Logistic Regression is a binary classifier because it places samples into categories such as True/False or Positive/Negative. In this case we are looking at divorced, or not divorced. However, logistic regression can be used as one step in solving multinomial classification problems. The Scikit-Learn Logistic Regression module we are using can implement multinomial logistic regression. If you'd like to learn more about Logistic Regression, you can find a good overview here.

Before fitting a model it is important to remove some data (usually about 20-30%) and save it as a test set. This test set will be used to test model accuracy. It cannot be used to train the model. The Scikit-Learn Train_Test_Split module is very useful for splitting datasets into training and test sets. First import the required module, then declare your target variable (y) and the variables being used to predict (X) before splitting both into training and test sets.

from sklearn.model_selection import train_test_split #Declare predictor variables. X = divorced2 #Declare target variable. y = divorced['Class'] #Split the data into train and test sets. X_train, X_test, Y_train, Y_test = train_test_split(X, y, test_size=0.20)

Next import and declare a logistic regression classifier and fit the model to the training data. Fitting the model means finding the right coefficients and intercept for the logistic regression equation. The right coefficients make it so the equation can correctly calculate the value of the target variable for all or most of the samples, when the values of the independent variables are plugged into it.

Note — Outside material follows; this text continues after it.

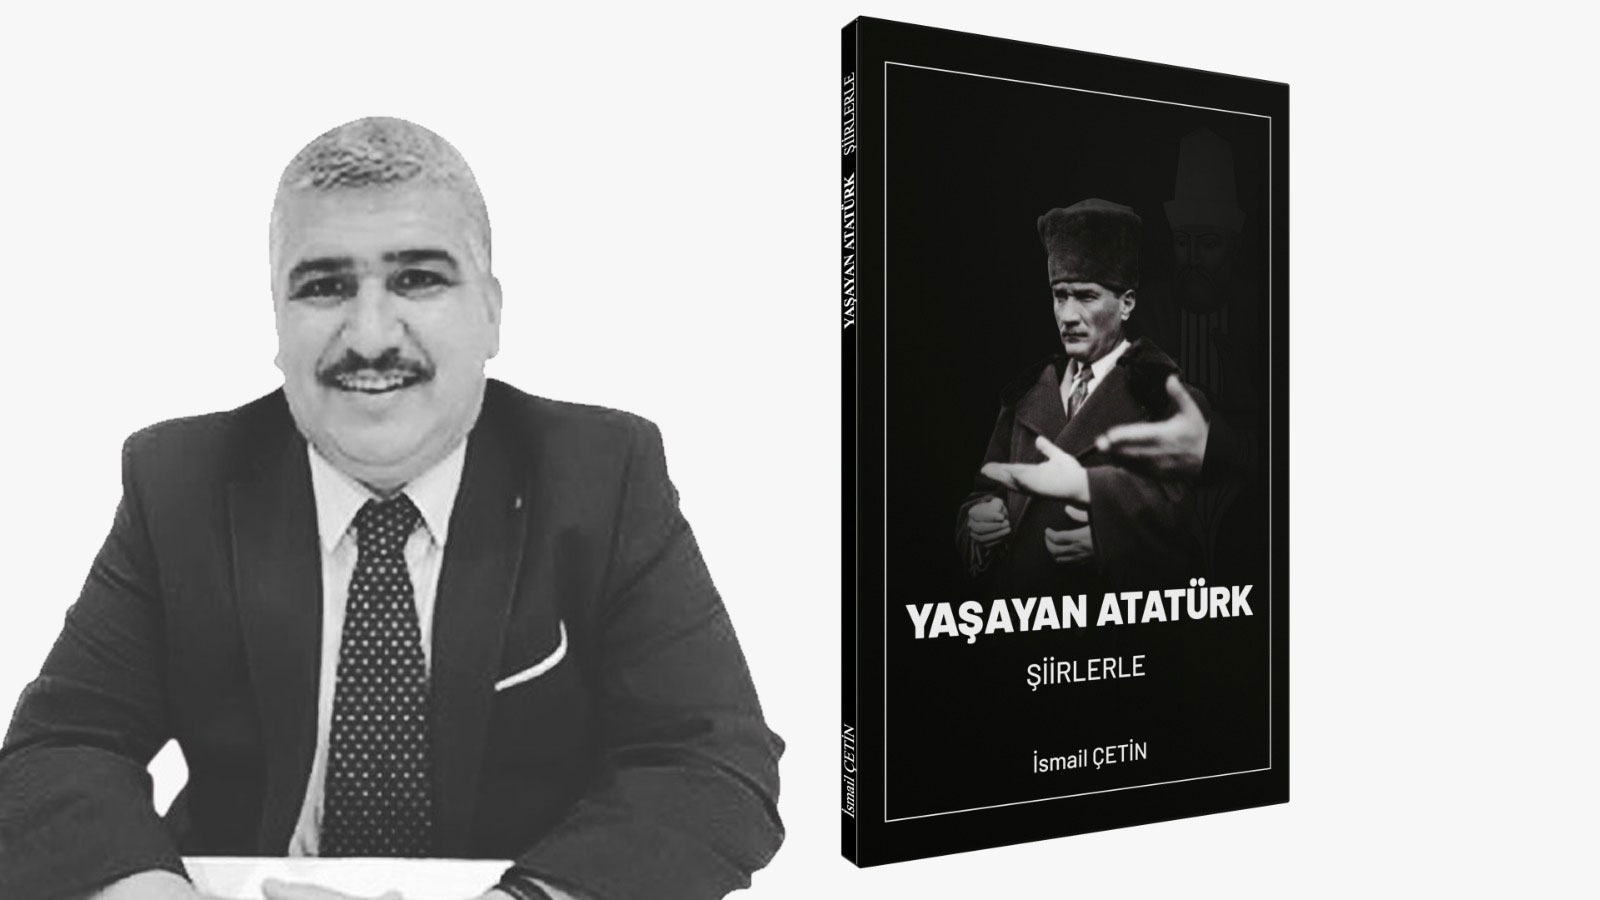 İsmail Çetin'in kaleminden "Yaşayan Atatürk" kitabı çıktı

The regularization parameter (C) which you see below is used to prevent the model from overfitting. Regularization helps the model generalize better to new data not used for training. In this module a lower number for C means stronger regularization, so the value for C can be lowered (by dividing it by 10) if test set accuracy is much lower than training set accuracy. The default regularization for this Scikit-Learn Logistic Regression module is L2 regularization.

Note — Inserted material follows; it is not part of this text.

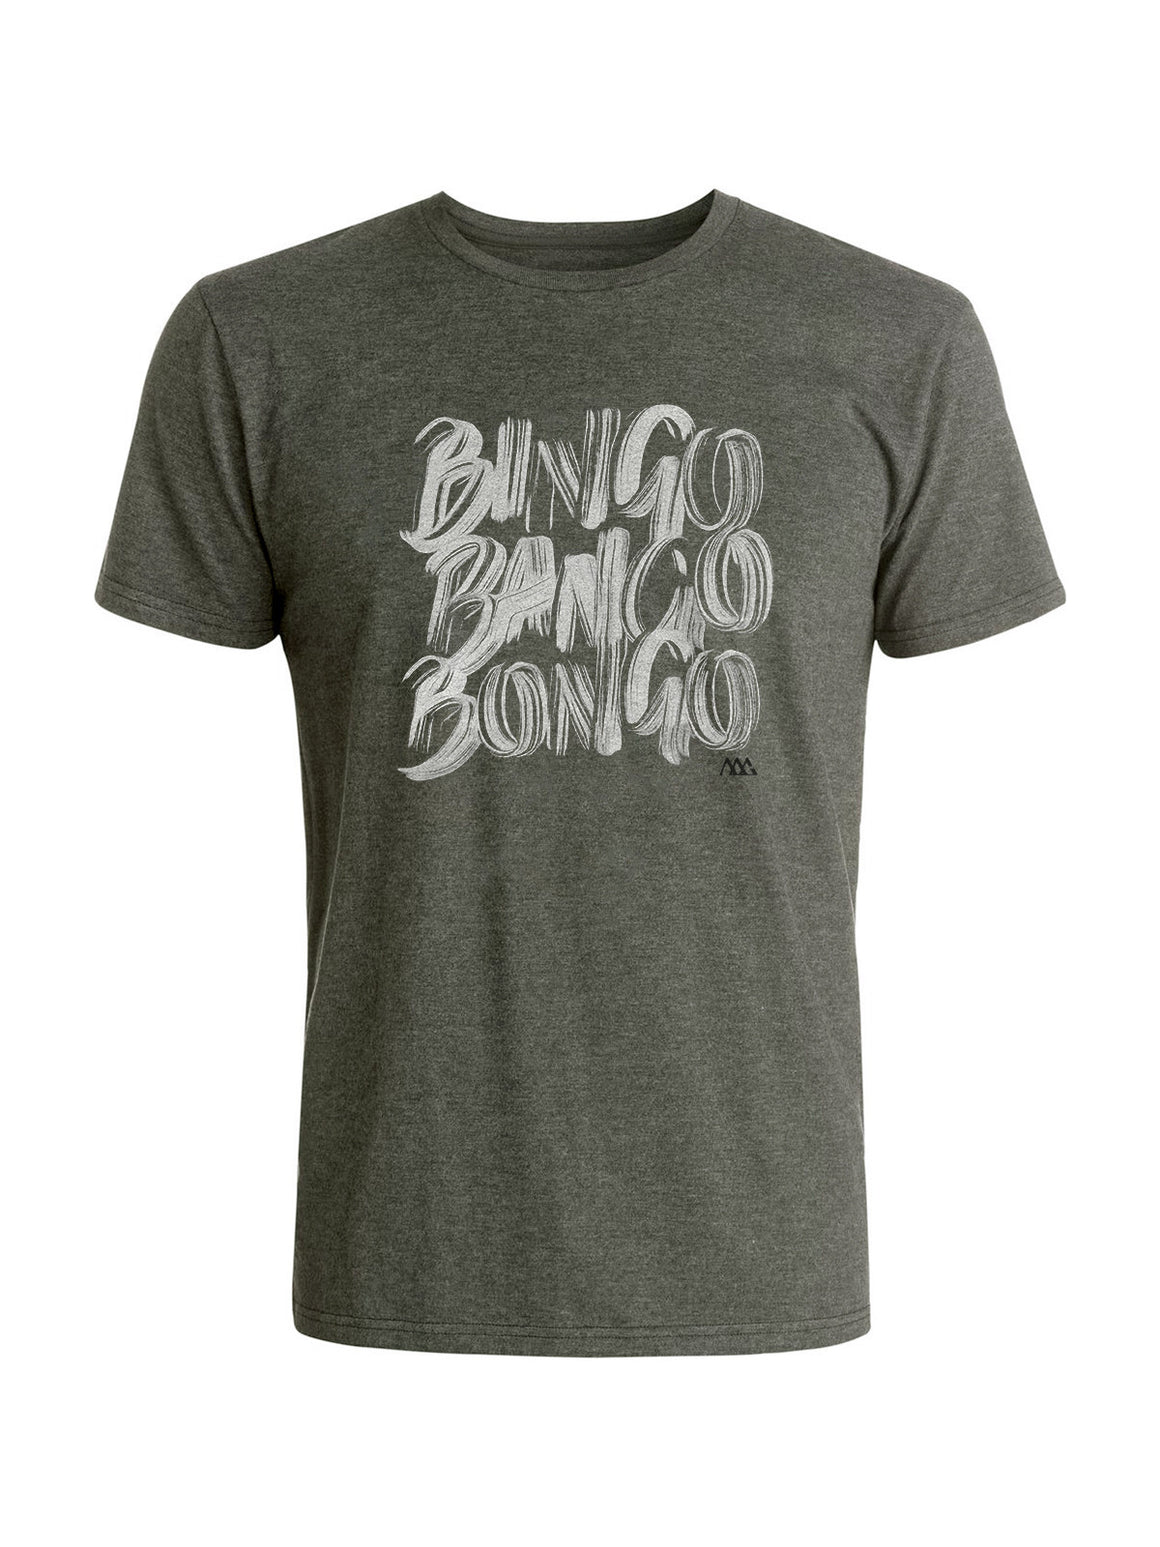 Bingo Tee Shirt - Platinum (White / Black)

from sklearn.linear_model import LogisticRegression # Declare a logistic regression classifier. lr = LogisticRegression(C = 1e5) #Fit the model to the training data. fit = lr.fit(X_train, Y_train)

The following code calculates and prints the model coefficients. The coefficients can be useful for asessing the relative importance of each of the features (especially if all of the features are on the same scale).

print('Intercept') print (fit.intercept_) print('Coefficients') print(fit.coef_)

Intercept [-5.37940024] Coefficients [[ 0.74640783 10.84130871 0.90409127 0.42400431 0.04745981]]

The coefficient output is in the same order as the columns in the training dataset. I'll create a dataframe to make it easier to match the coefficients with the features.

weights =pd.DataFrame({'Attributes':list(X_train.columns),'Coefficients':list(fit.coef_)[0]}) weights

Attributes | Coefficients | |
---|---|---|

0 | Atr6 | 0.746408 |

1 | Atr7 | 10.841309 |

2 | Atr43 | 0.904091 |

3 | Atr45 | 0.424004 |

4 | Atr46 | 0.047460 |

The most important attribute was number 7: "We are like two strangers who share the same environment at home rather than family."

Makes sense.

### Making predictions

Now use your trained logistic regression model to predict Divorce using both the test and train datasets, and calculate the accuracy of predictions for both.

#Predict Divorce pred_y_sklearn = lr.predict(X_test) pred_y_sklearn = lr.predict(X_train) print('\n Accuracy') print('Test',lr.score(X_test, Y_test)) print('Train',lr.score(X_train, Y_train))

Accuracy Test 0.9117647058823529 Train 0.9044117647058824

There are no signs of overfitting, as the test set accuracy is about the same as the training set accuracy. An accuracy above 87% is not bad, but accuracy might be improved by using PCA (Principal Component Analysis) to deal with correlated variables, rather than throwing them out.